Innocent comment, I know, but one that I have heard a lot lately. Starting over. Over from what? Don’t get me wrong, I’m not going to go completely psychobabble on you about a simple statement that I’ve probably uttered over the last few months myself, but what I AM going to do is point out that, to me, I am increasingly finding this to be a bit of a questionable comment.

Perhaps I’m cynical. Perhaps I’m a jerk. But, just maybe, perhaps I’m not.
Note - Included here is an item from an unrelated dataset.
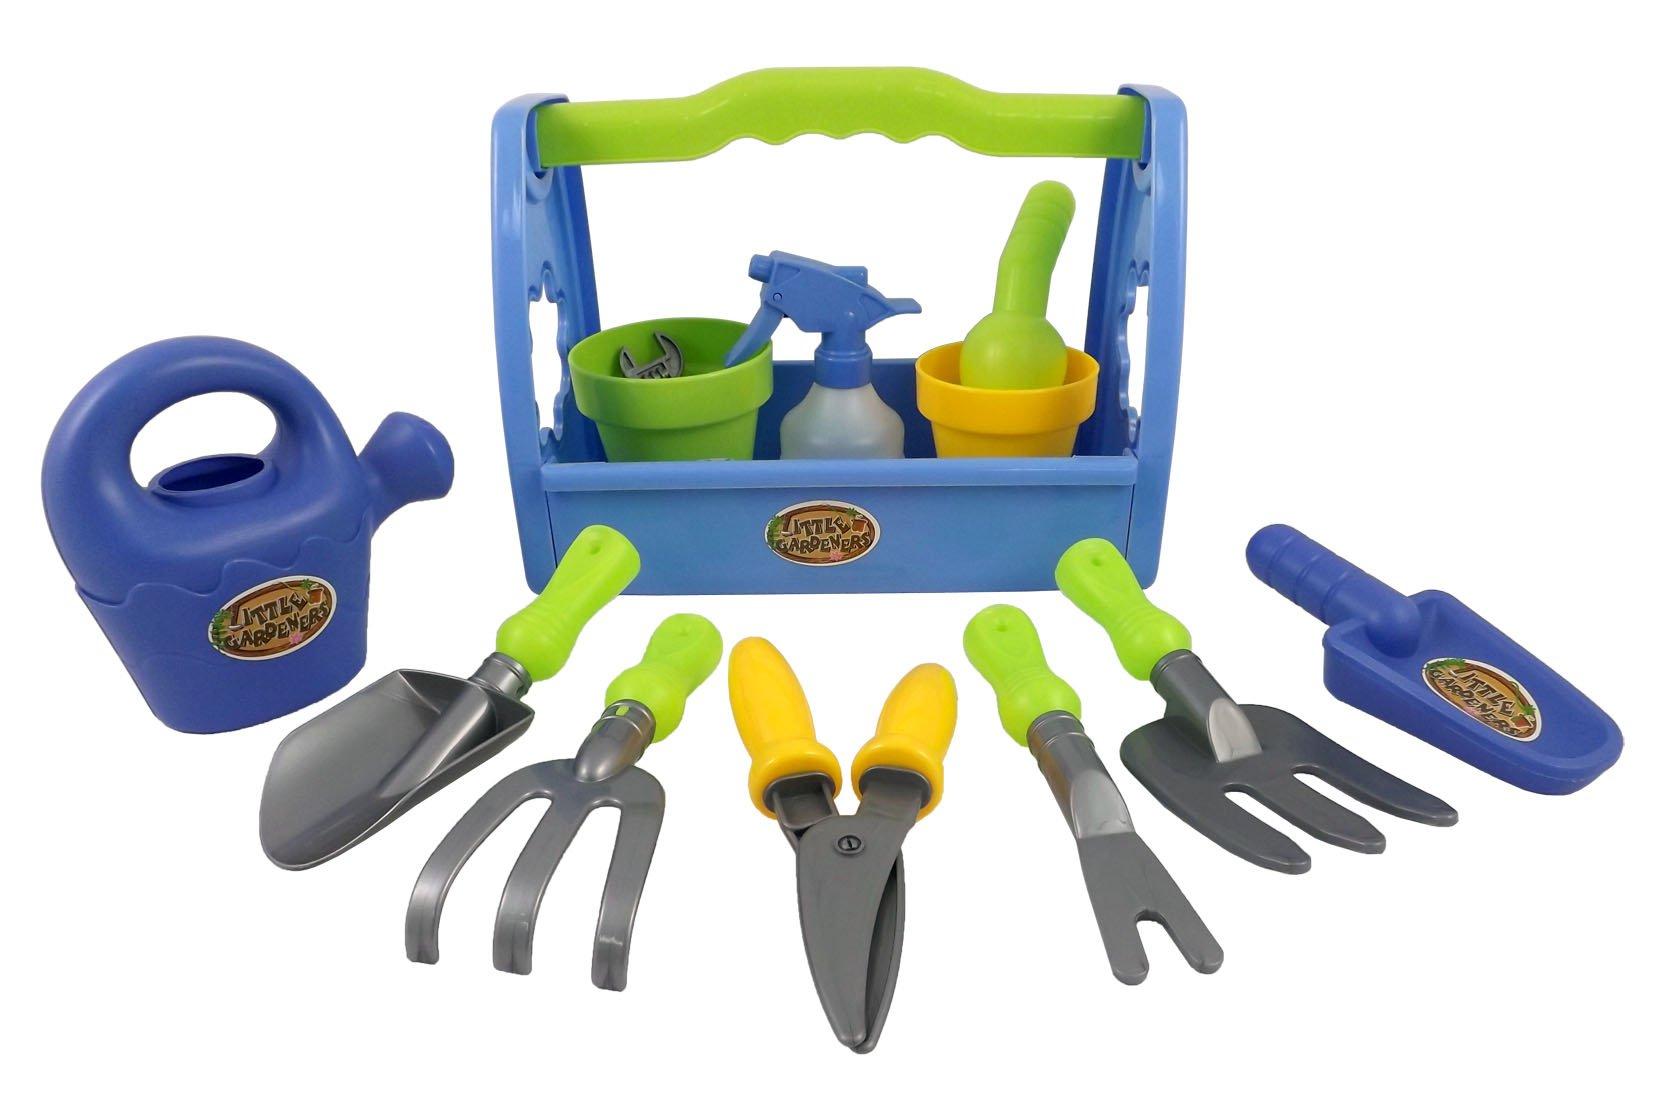 Liberty Imports Little Garden Tool Box 14pc Toy Gardening Tools Set Kids

When I hear ‘start over’ I can’t help but wonder what the person saying it saw in my life that needs a re-do. Sure, living in Paris is NOT what anyone who hasn’t done so assumes. It is hard. The French are not always culturally compatible to how I was raised. I still cut various cheeses in the wrong way. I resent that person who shows up inexcusably late to parties keeping everyone from enjoying snacks (love me some dried out appetisers!!) because culture dictates no eating until everyone has arrived. I still live in fear of saying goodbyes and doing the kiss-kiss at an event with lots of French people. Giving bisous to a large group of people I don’t really know will NEVER be comfortable to me. Somedays, I would rather sneak into a shop and get what I need rather than announce my presences with a bonjour to the staff. I don’t always know what day I want to eat an avocado on and don’t know how to answer my guy at the local marché. I miss having a proper-sized freezer to freeze off meals in and buy in bulk. I would like my coffee with my dessert sometimes! However, missing things and awkwardness doesn’t necessarily mean it was such a fail here I need to start again, does it? Start over? Start fresh (are we leaving stale)? Re-do the last 10 years of my life?

What moving really provides us with the opportunity to live another version of this same life but in an environment that fits us a bit better. We will be the same people. We will still be foreign. Our happinesses and problems will follow us, give or take a few. My husband will still grumble when the dog wants only him to take him out at 7am for he wouldn’t dare interrupt my sleep. My kids will have homework. There will be school drama. There will be making new friends. There will be the all-too-familiar pain of Expat life of missing old friends. I will still need to make dinner every night. The wheel keeps turning. We are not blind to this.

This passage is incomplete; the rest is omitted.